The Wilshire 5,000, like the Nasdaq, S&P, and Russel indexes, is a market-cap-weighted index of companies listed on U.S. stock exchanges. The Wilshire, however, aims to track all American stocks listed on major exchanges like the NYSE, the Nasdaq, and the American Stock Exchange. Low-value stocks that trade on the over-the-counter (OTC) market are not typically included. Because of this index’s size and the fact that it encompasses nearly the entire American stock market in terms of capitalization, it is also used by many investors and institutions as a benchmark against which to compare performance. 

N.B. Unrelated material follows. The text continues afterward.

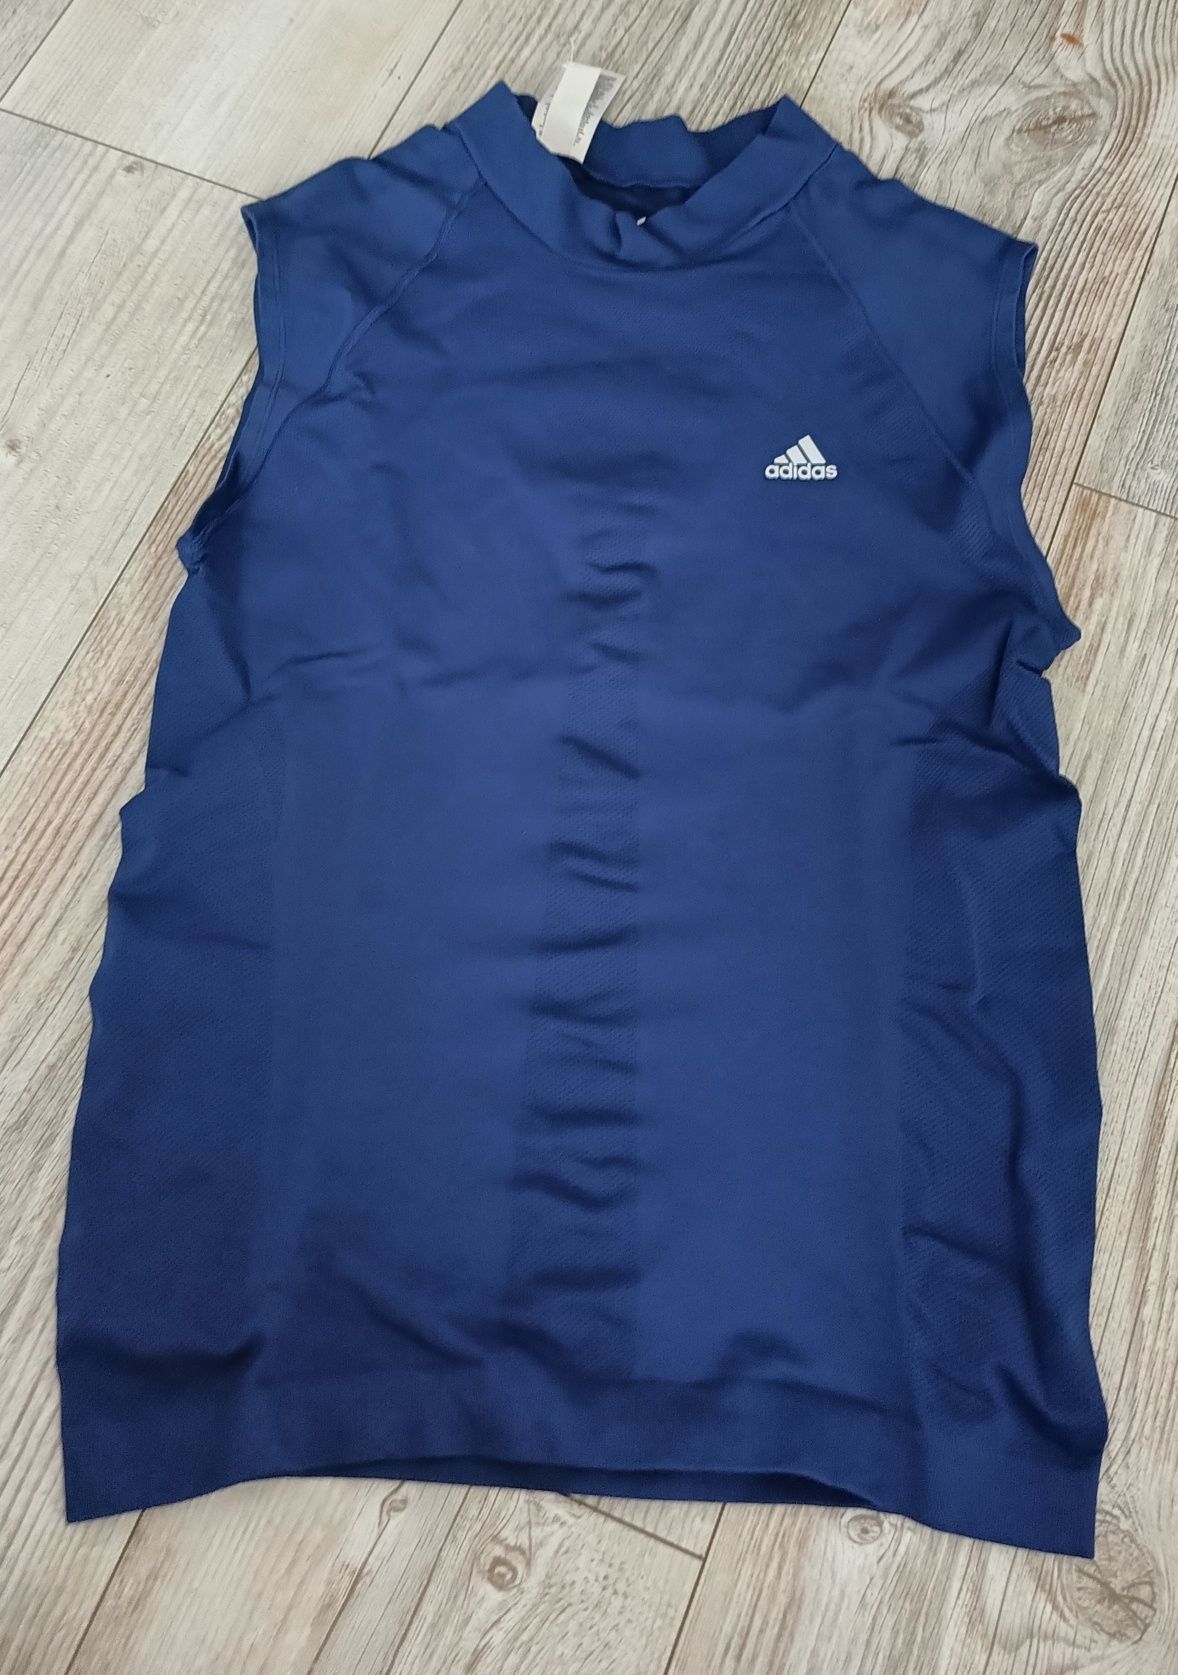 J.nowa koszulka termiczna termo Adidas climacool r. XL

Frequently Asked Questions (FAQ)

Below, find the answers to some of the most common questions investors ask about the S&P 500. 

How Long Has the S&P 500 Been Around?

The S&P 500 as it currently exists has been around since Monday, March 4th, 1957. It grew out of a 90-stock index that was maintained by Standard Statistics Company, which merged with Poor’s Publishing in 1941.

What Does It Mean When Someone Says the S&P 500 Went Up or Down by X Points? 

Points equal dollars. If the S&P 500 went up by 10 points yesterday, that means the weighted average market value of its component stocks went up by $10 yesterday. Because the index is weighted by market cap, changes in larger companies’ stock prices affect the price of the index more significantly than changes in smaller companies’ stock prices.